General information
- Type: Light-sport Aircraft
- National origin: New Zealand
- Manufacturer: Vickers Aircraft Company
- Status: In development

History
- First flight: 12 March 2022

= Vickers Aircraft Wave =

Amphibious aircraft

The Vickers Aircraft Company Wave is a two-seat amphibious aircraft, under development by the Vickers Aircraft Company of Hamilton, New Zealand. It was introduced at the Sport Aviation Expo in Sebring, Florida in 2014.

==Design and development==
The Wave is a two-seat, side-by-side configuration, high wing amphibious aircraft, intended for the US light-sport aircraft category. The fuselage and wings are constructed from a combination of aluminum and carbon fibre composite materials. An automatic folding wing mechanism and ballistic parachute are planned to be integrated.

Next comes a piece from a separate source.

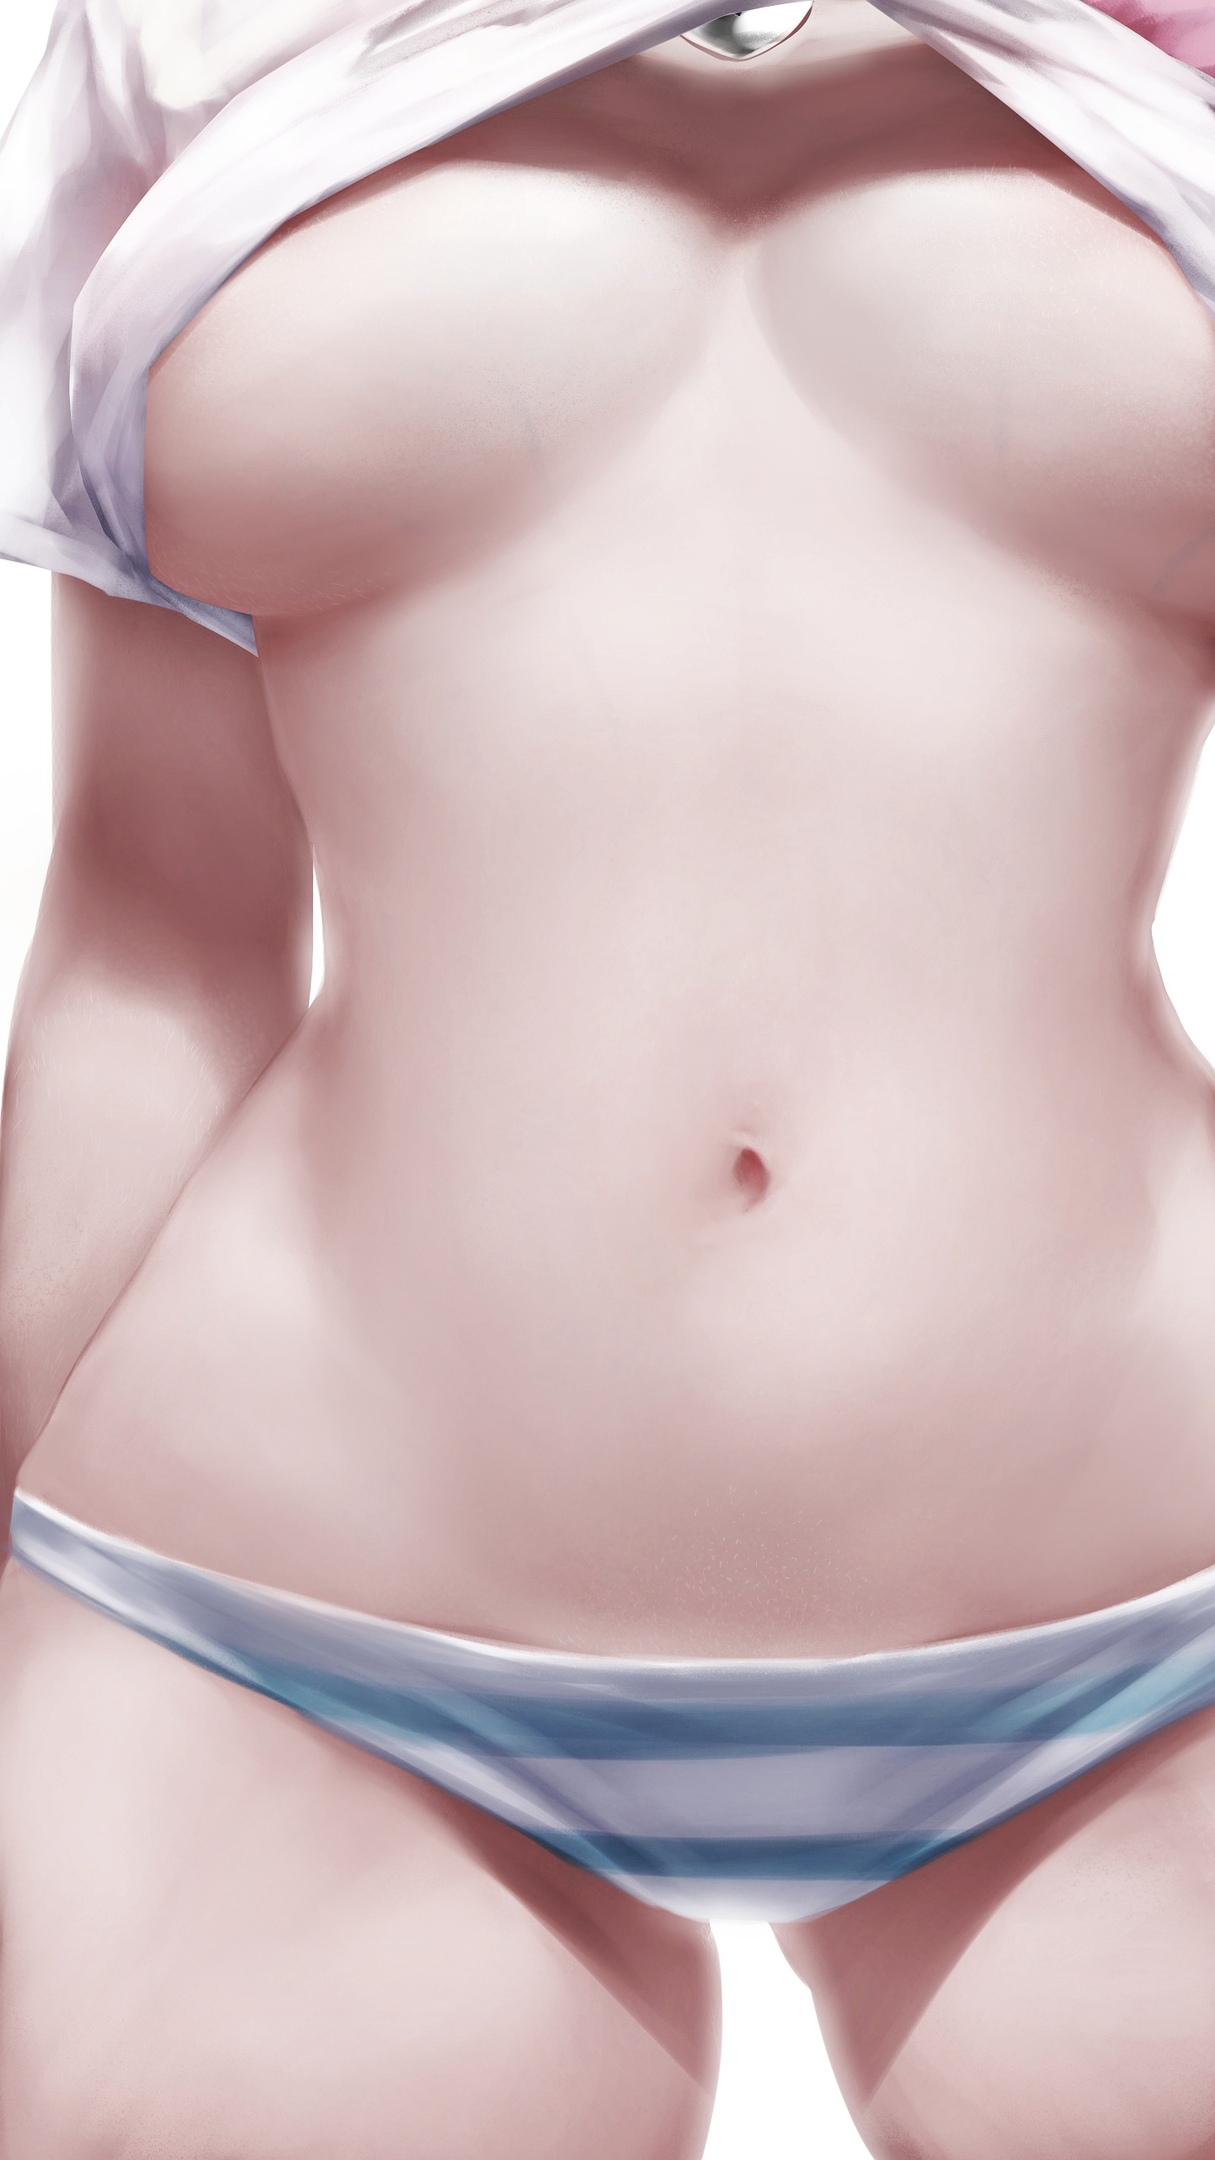 underboob, belly, undressing, Bluecup, panties, no bra, T-shirt, artwork,  THE iDOLM@STER, Riamu Yumemi, anime girls

Paul Vickers, CEO of Vickers Aircraft Company Ltd, has indicated that the company's approach to the development of the Wave has been intentionally non-traditional, and involves simultaneous product and manufacturing development.

In September 2015, the powerplant selected for the Wave was the 180 hp Continental Titan 340 four-stroke engine, mounted in a pusher configuration. In late 2019, Vickers announced a switch to the 141 hp Rotax 915iS four-stroke turbocharged engine, in the same configuration.

In April 2020, eleven years after initiation of development of the aircraft, Paul Vickers wrote that "The WAVE will be ready soon, but not before it is. It has taken the time that has been necessary to design and produce a truly incredible aircraft." The prototype first flew on 12 March 2022.